I’ve always heard the saying “there is no success like failure,” and I’ve come to understand that it is in failure that we see ourselves for who we really are and what we’re made of. If I hadn’t hurt my ankle, I never would have gone to see the Slovenian physiotherapist Alan Lilic, I never would have come to understand myself that much more, and I never would have gotten a grasp on the things in my relationship that needed to be ironed out. I  learned the difference between having a goal and having an expectation. Goals are things that I strive for, work for, and build myself for and it has always been that with enough preparation and enough will power to keep pushing through the ups and downs they can be met. My expectation was thinking that the goal would be met with ease, that just because I had trained I was guaranteed great victory in my climbing, that I was untouchable by obstacle.
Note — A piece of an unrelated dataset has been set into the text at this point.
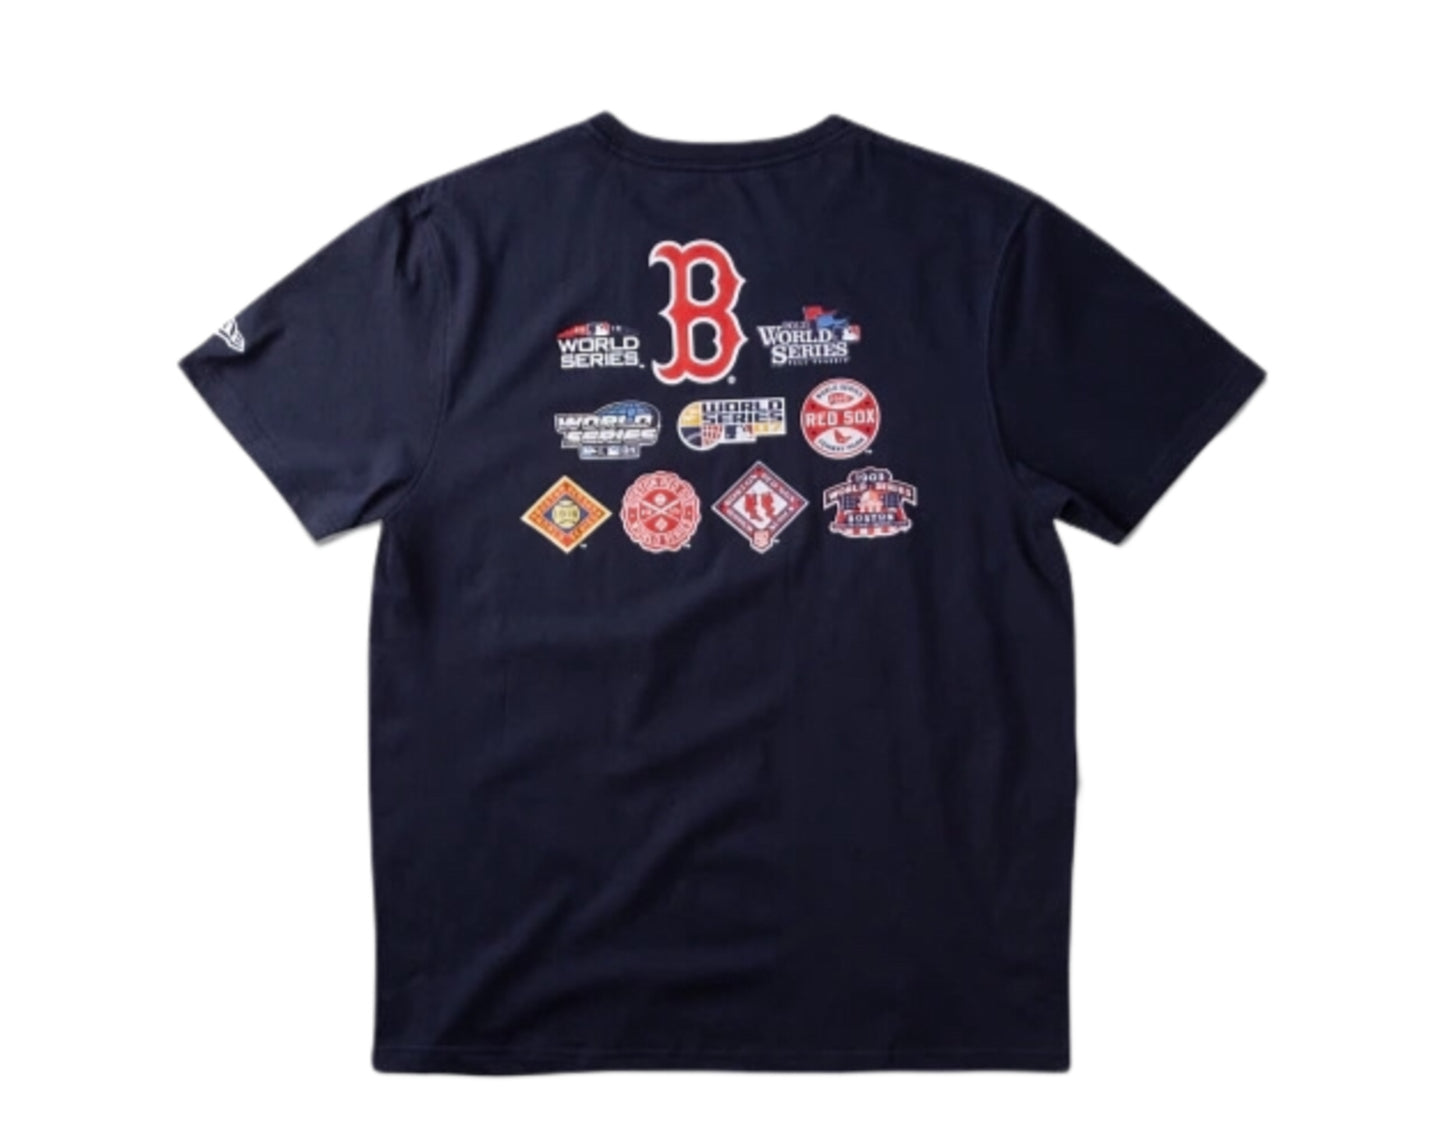 New Era MLB Boston Red Sox World Champions Short Sleeve T-Shirt

Having goals is great—it drives, motivates, and pushes you, but by expecting to always meet or exceed my goals, I’ve set myself up to be unhappy. When our expectations aren’t met, we’re left with a sort of self-imposed suffering called disappointment, and life is too short and too precious for such frivolity. My Technicolor foot barely fits into my climbing shoe now, and the pain of pulling on polished feet is subsiding more and more, but my climbing goals are still there, as well as my relationship that requires care and nurturing. For years I demanded that my mom admit she made a loaf of bread instead of a cake. Eventually she confessed it was a chocolate spice bread. We laughed over the silliness of it all, and she said, “That was probably the best bread I’ve ever made, which is too bad for you because I lost the recipe.” It’s unfortunate for me that I never tasted it, but unlike the fleetingness of a homemade pastry, climbing and life continue to offer up opportunities for new experiences, new goals, new processes and endless lessons. I’m fortunate beyond belief with the opportunities and accomplishments in my life. Some things have come with ease and some things have been a battle, leaving me bruised and scarred and questioning  how bad I want it but I keep getting up and going back. 

picja

That sweet taste of sending a beautiful route. Pticja Perspektiva (8a+/13c)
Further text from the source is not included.